As I stared at the D’s on my 9th grader’s report card, my blood began to boil. “I told you that this was going to happen, didn’t I?” He just stood there, so I continued on. “Your problem is that you are just plain lazy.” He remained silent and I got madder and continued on. “I don’t know why I even try to talk to you. You are never going to amount to anything!”
Ouch! This parent’s comments reflect the feelings that many of us have. However, are these statements going to lift our children to new heights? Probably not. Are they going to give them more confidence that will help them succeed? Unfortunately not. So what are some better ways that parents can respond? Below are five mistakes to avoid.

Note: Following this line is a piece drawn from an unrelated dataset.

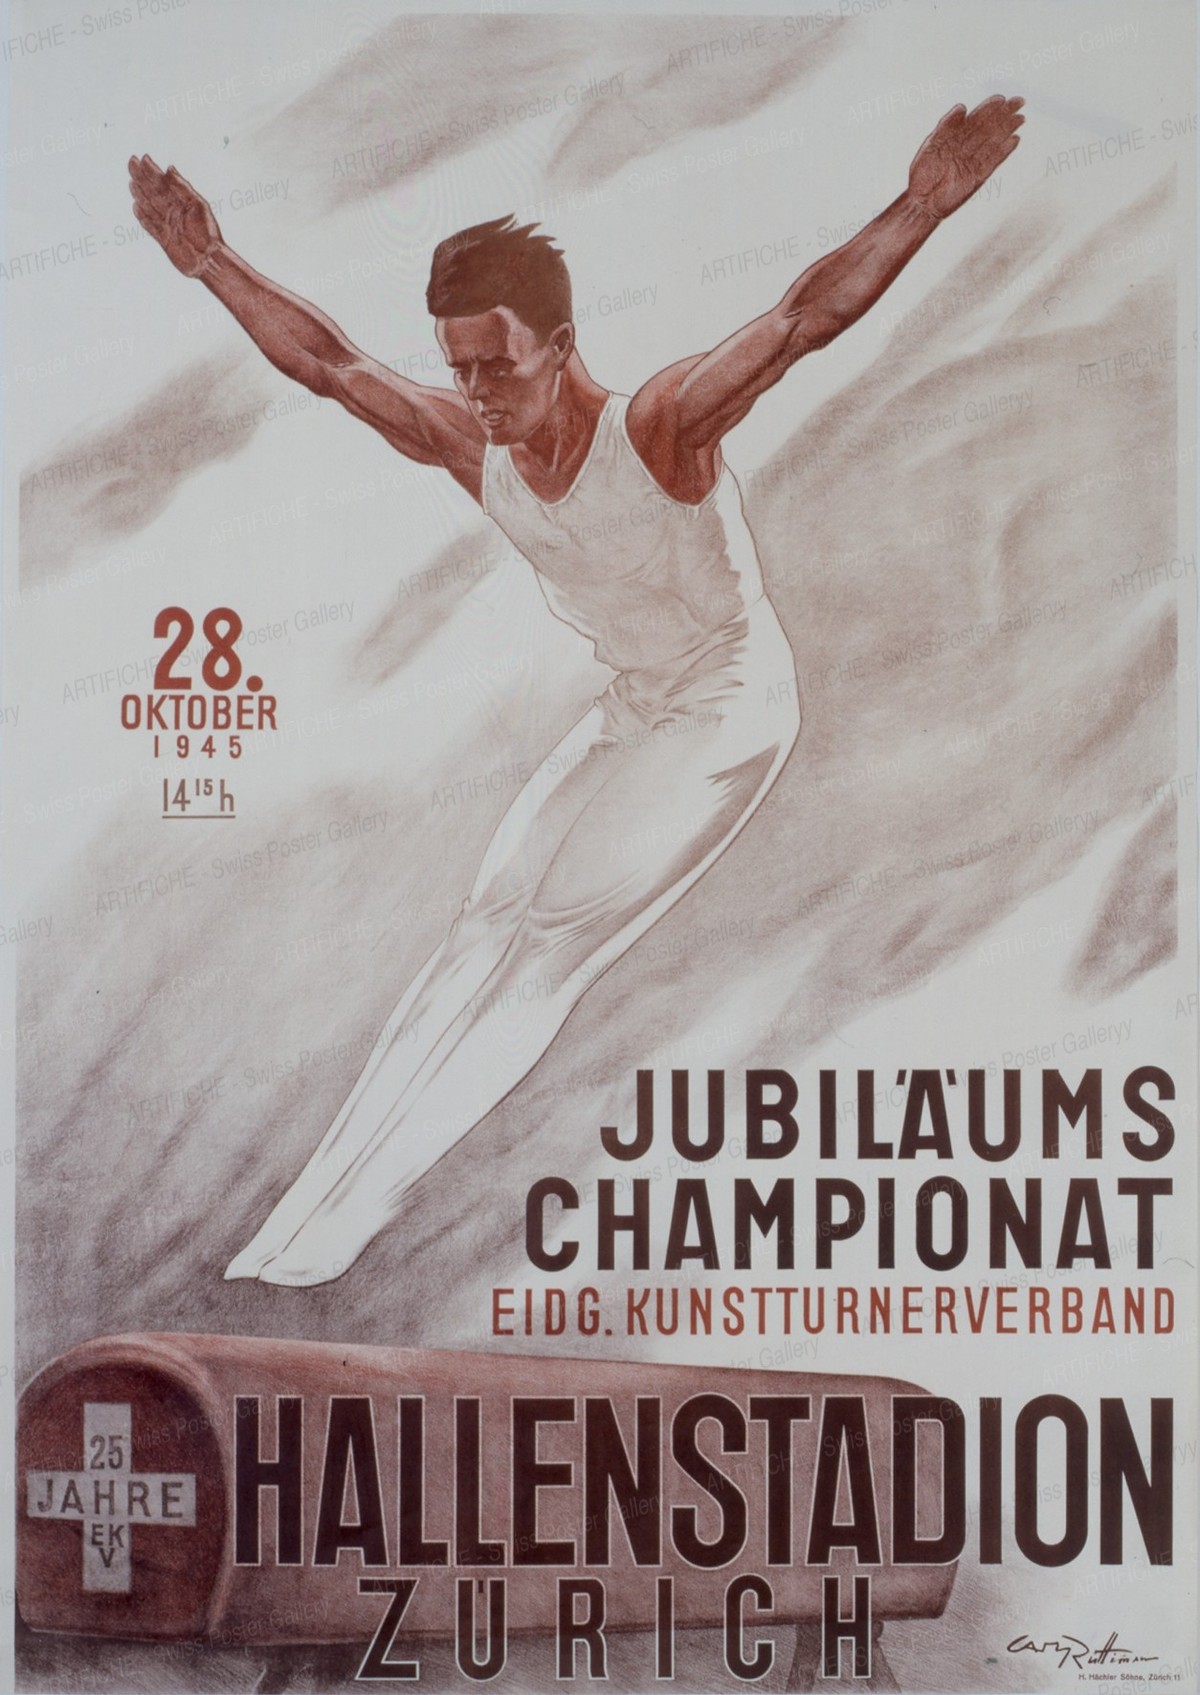 Gymnastics championship Zurich Hallenstadion 1945, Carl Rüttimann

1) Don’t lose your temper. The older children are fighting, the youngest is whining, and suddenly you are screaming louder than everyone. You have lost control. Children may cower for a moment, but nothing has been solved. Bill Cosby says that oftentimes parents don’t want justice, they want quiet. Stop yelling like the children; leave the room; compose yourself; and decide what it is you really want to accomplish. Save yelling for emergencies.
2) Don’t misuse rewards. “If you will stop cutting class, I will let you use the car this weekend.” The problem here is that when you are not providing the reward, children have no reason to behave. This implies that the expectation itself has no intrinsic value. It really isn’t a reward but a bribe. A better approach is to use rewards only to reinforce behavior after the fact.
3) Don’t disagree as parents in front of your children When parents debate rules in front of the children, a can of worms is opened. Children realize that there is not a unified front and will work very hard, and quite effectively, to play one parent against the other. Parents need to settle disagreements in private and make sure they are on the same page when it comes to guidelines for homework, chores, etc. Parents should compromise when there are strong feelings around issues. Avoid making one parent the disciplinarian. This encourages the children to push the limits when that parent is not present.
4) Don’t put your child down. It is important to avoid statements like “You never,” and “You always.” These are absolutistic statements that are rarely true. “You should do it my way” is a statement that implies your way is the only way. “Is that hair on your head or are you wearing a mop?” When a child expresses his/her individuality in ways that are not harmful, we are best to let it be. Otherwise, we are only expressing our own insecurities. We need to look for statements that will help to build and develop our children.
5) Don’t be too busy. “Not now” is probably one of the hardest things for children to hear. As parents, we have often made our lives so busy with work and other activities that we have forgotten why we had children. There is no more important job that we will ever complete than this task of raising and training our children to become responsible adults. Our job is to launch them successfully. In order to do that, we must make time for them. They must be a priority and they must know it.